Why do We Need “Distributed Training” in Deep Learning? 🤔

5 min readDec 13, 2024

💪 Motivation

We know that in the age of the internet, we have a much larger amount of data, and if we need to train our AI model on that large amount of data, we need more complex models. If your data and model are too complex, then we must have a great and powerful device for it so that we can train those AI models. To solve that problem, either we can build a more powerful device or use “Distributed training” across all devices.

👋 Introduction

So, what is Distributed Training? How does it work?

What is Distributed training?

Consider you have a Large amount of Data, for example, the entire Internet, and you have to train your LLM on it. To train this model on a single GPU it’s quite more difficult. There are some challenges that you may face:

The model may not fit into a single GPU. (Large model)
Due to the large dataset, you choose the bigger batch size but GPU has limited Memory so you can’t. (Larger Dataset)
Models take too much time to train because of the larger dataset. Probably Months, Years, etc. (Smaller Device)

How does it work?

You can scale your training process using 2 methods

Vertically scaling.
Horizontal scaling.

1. Vertically scaling

So vertically scaling is too simple, you have 12GB RAM GPU increase the RAM to 32GB RAM. Quite simply no need to change our original code.

2. Horizontal scaling

So, Horizontal scaling has two types and it requires some sort of code changes.

Data parallelism
Model parallelism

So, rather than change the configuration of the original device build the eco-system of the same device and train the model.

📊 Data Parallelism vs 🖥️ Model Parallelism

1. Data Parallelism

So, Data Parallelism works when your model can fit into a single GPU, then we distribute our data to multiple GPUs. With each of the GPUs processing a subset of the dataset and performing the forward and backward pass.

Data Parallelism Diagram — Data Parallelism — (Image by Author)

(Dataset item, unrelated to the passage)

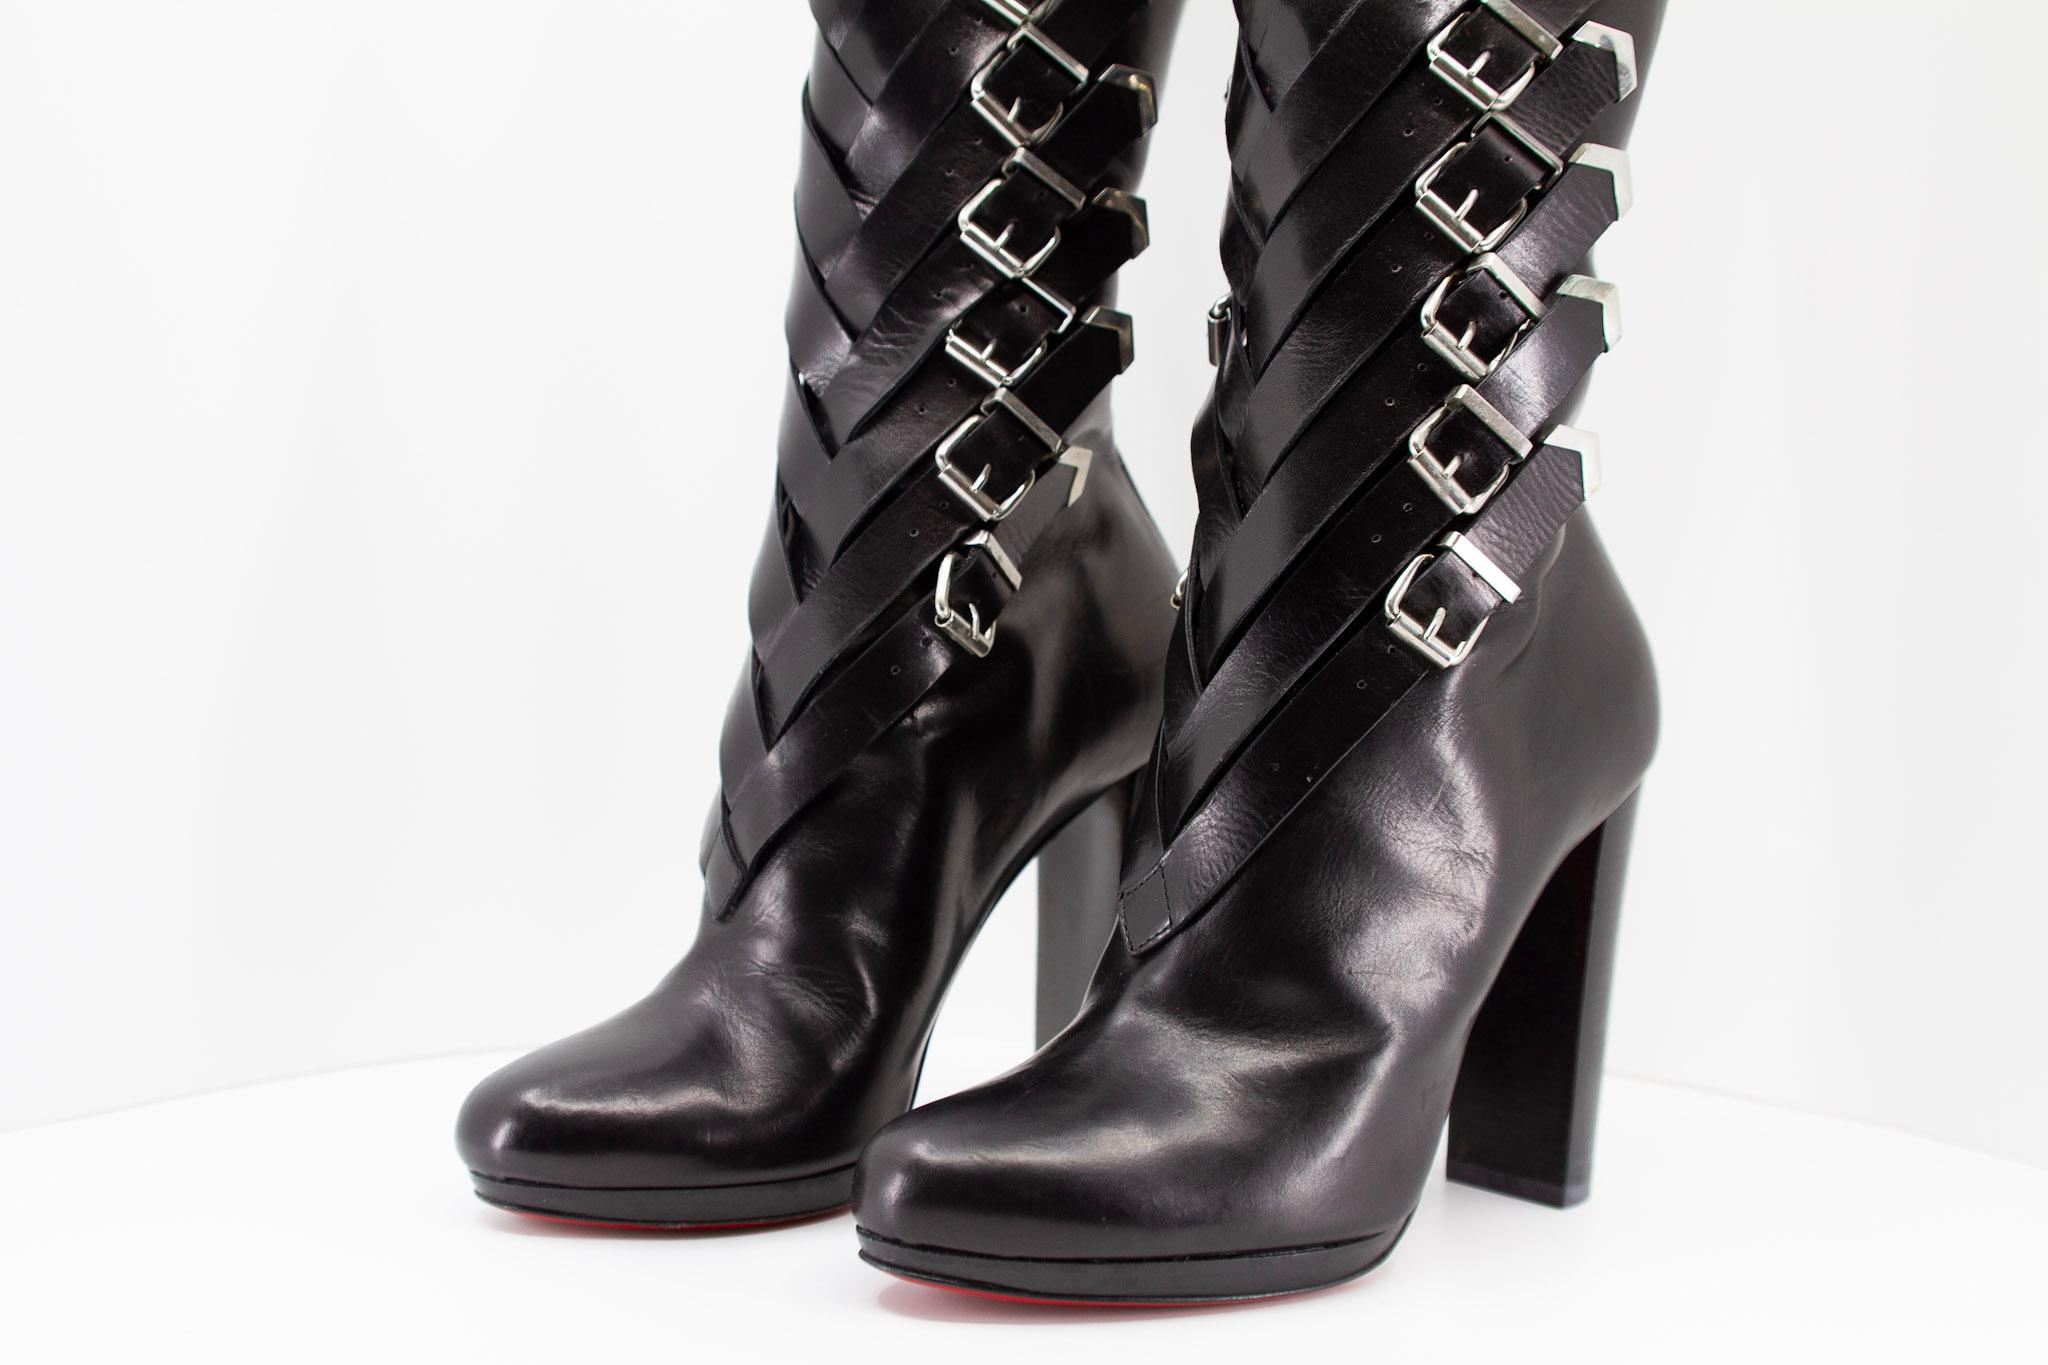 Rare Knee High Christian Louboutin Black Leather Boots For Sale 2

As we can see in the Image we have 4 GPUs with the same configurations and we can fit our model into 1 GPU so we divide the Dataset into SubDataset. In this process, we synchronize the gradients during the backward pass.

⚙️ Perform the Distributed Data Parallel

Step-1: Initialized the model parameters on the Main GPU

We initialized the model parameter randomly on the Main GPU where we are putting our code. We forward those initial values and parameters to the next GPUs.

Step-1: Initialized the paramerters and forward to the other GPUs

Step-2: Calculate the local gradient across all GPUs

Each machine computes its gradient and accumulates that gradient.

Step-3: Cumulate local gradient to Main GPU

Now, we accumulate the gradient to the Main GPU. Next, we distribute this summed gradient to all GPUs.

Step-4: Reset the gradient after updating the parameters.

Last but not least the main process is to update the parameters and set the gradient to zero.

Step-4: update the parameters and set the grad to zero.

There are 2 main processes for sharing gradients. It’s called the “Collective Communication Primitives”. CCP allows us to communicate with different devices.

Point-to-point: We distribute the gradient line.
Collective Communication Broadcast: We select one machine and its job is to share the gradients, while the main GPU distributes the gradients.

2. Model Parallelism

So, Model Parallelism is Quite different from Data Parallelism. In Data Parallelism our model fits into one GPU. But what if? We have this strange problem that we can’t able to load our entire model into one GPU.
At this time the Model parallelism is very helpful. Model Parallelism allows us to Distribute our model into multiple GPUs.

So, Model parallelism is useful when your model is too large for your GPU. In that case, we distribute our model into multiple GPUs. The GPUs 1, 2, 3, and 4 contain Layers 1, 2, 3, and 4 of a model. After distributing the Layers we performed the forward and backward pass for each layer in a synchronized manner.

📈 Advantages and 📉Disadvantages

Some of the advantages and Disadvantages of the Distributed training and also there is the advantage of Data Parallelism and Model Parallelism also disadvantage there.

Advantages of Distributed Traning

So, In Distributed Training, if your task is too expensive for your GPU it solves that problem.
Also, allows you to train the large Model on a Large dataset.
Help to achieve the best results by adjusting the Perfect Hyperparameters.

Disadvantages of Distributed Traning

At some point what if? Our one Machine has failed if we don’t take care of that we lose the whole process.
Sometimes it’s too complicated to code the Data Parallelism and Model Parallelism. (not more thanks to Pytorch)
Takes too much time just sharing the gradients and it slows down the process of training.

🙇🏻‍♂️Conclusion

At some point “Distributed training” is not useful but it is necessary to train the larger and bigger and bigger model we must have some kind of mechanism that allows us to train the model with a limited amount of storage use case, also we can apply the “Quantization” that helps a lot for optimizing the model.

🙏🏻 Special thanks to Umar Jamil without their video this blog is never possible.